This reading of the regulations may or may not have had any bearing on the sentences doled out to the three non-senior counselors who were charged by ExComm. The Committee elected to withdraw all charges, and the three of us went unpunished. For the other charged students in the room, however — the three head counselors and the fraternity president — such a reading seemed to have no effect. They all received a reprimand (an innocuous sentence that doesn’t appear on a student’s disciplinary record), but the two head counselors who also happened to be in the fraternity at whose house the party was held also received a second sentence. They were told that their deactivation from their fraternity would be effective immediately, that they were prohibited from entering the fraternity residence for the rest of their time at Yale, and that should the fraternity president encounter them there and fail to report the incident to ExComm, all three of them would face more serious consequences. Ironically, it was the third head counselor — the one who received just a reprimand — who had been listed on the party registration form as its host.

We were ultimately dismissed from the hearing, but not without a caveat: the details of our case, along with the proceedings of that day, were to be kept entirely confidential.
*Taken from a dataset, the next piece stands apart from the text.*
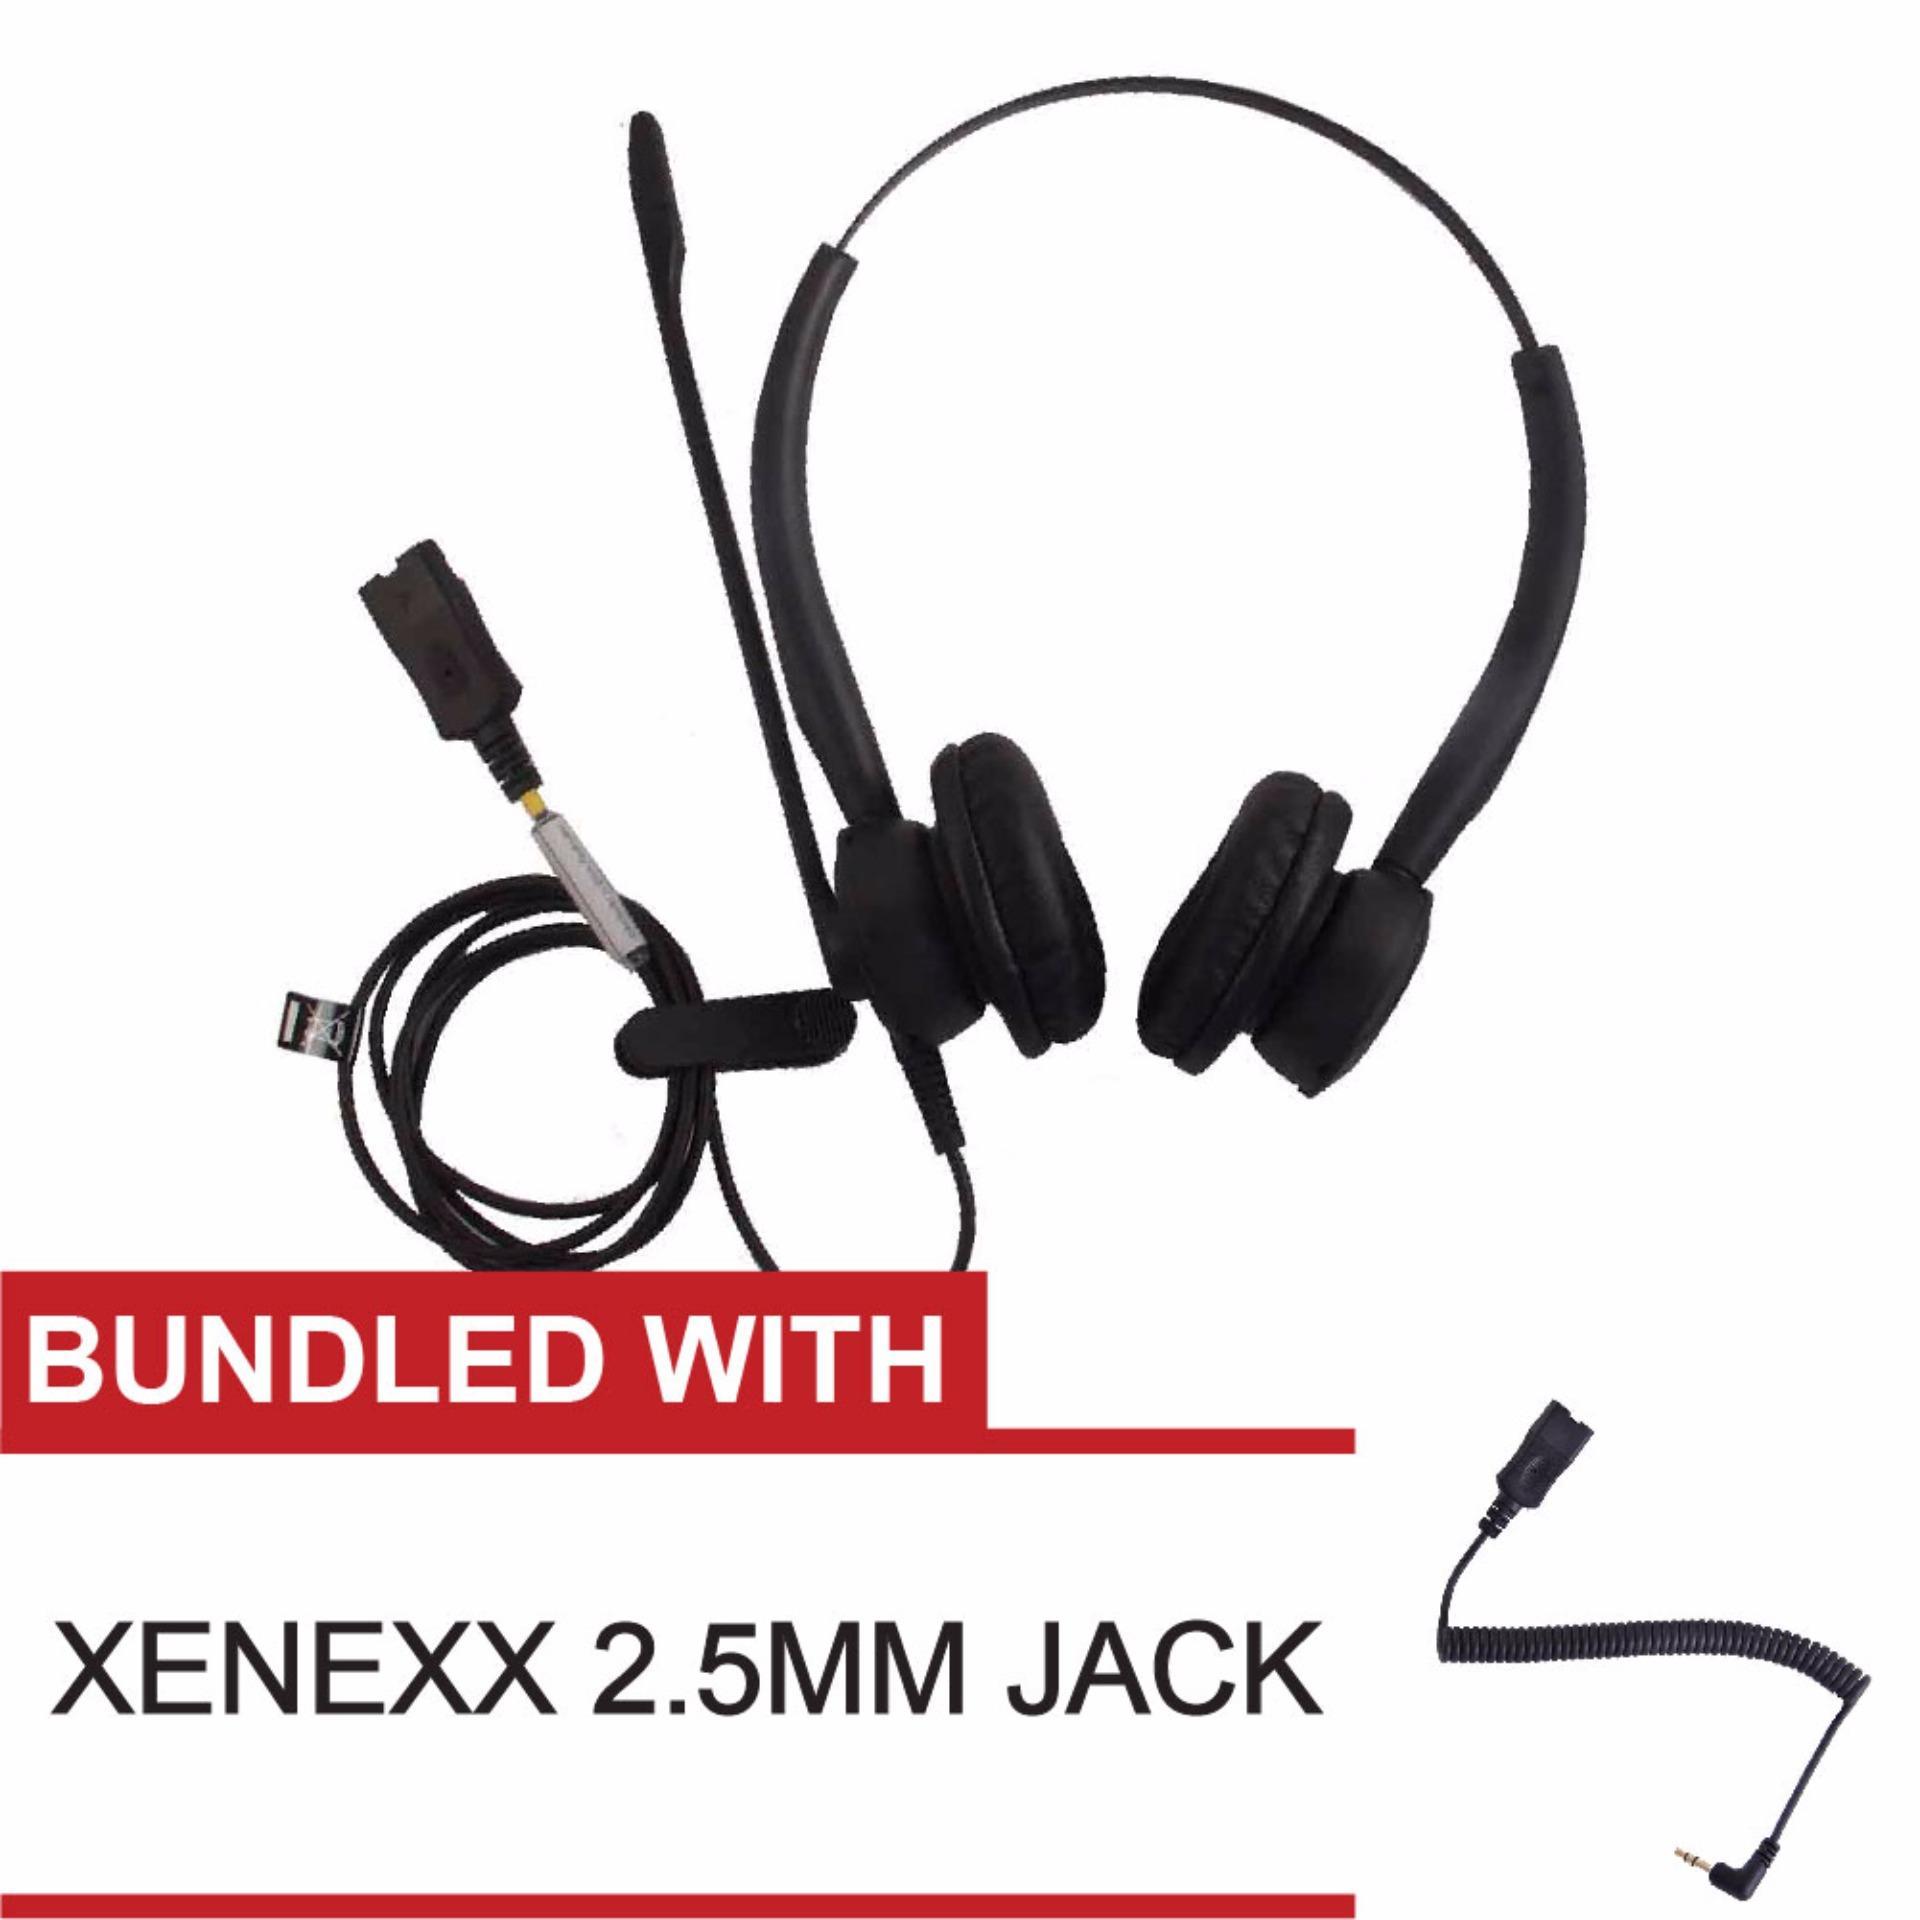 ... Xenexx 825 Binaural Duo Noise-Cancelling Call Center Headset withXenexx XX 2.5mm 3- ...

Two years later, there are no visible traces of the ordeal. Our academic records are unmarred. Some of us have already graduated; the rest of us soon will. The Orientation for International Students has reformed its welcome rituals: The counselors have everyone play Capture the Flag on its last night, and no one tells the freshmen the story of why. My residential college master now knows my name, and asks how I am when we pass on the street. I’m fine; unscathed.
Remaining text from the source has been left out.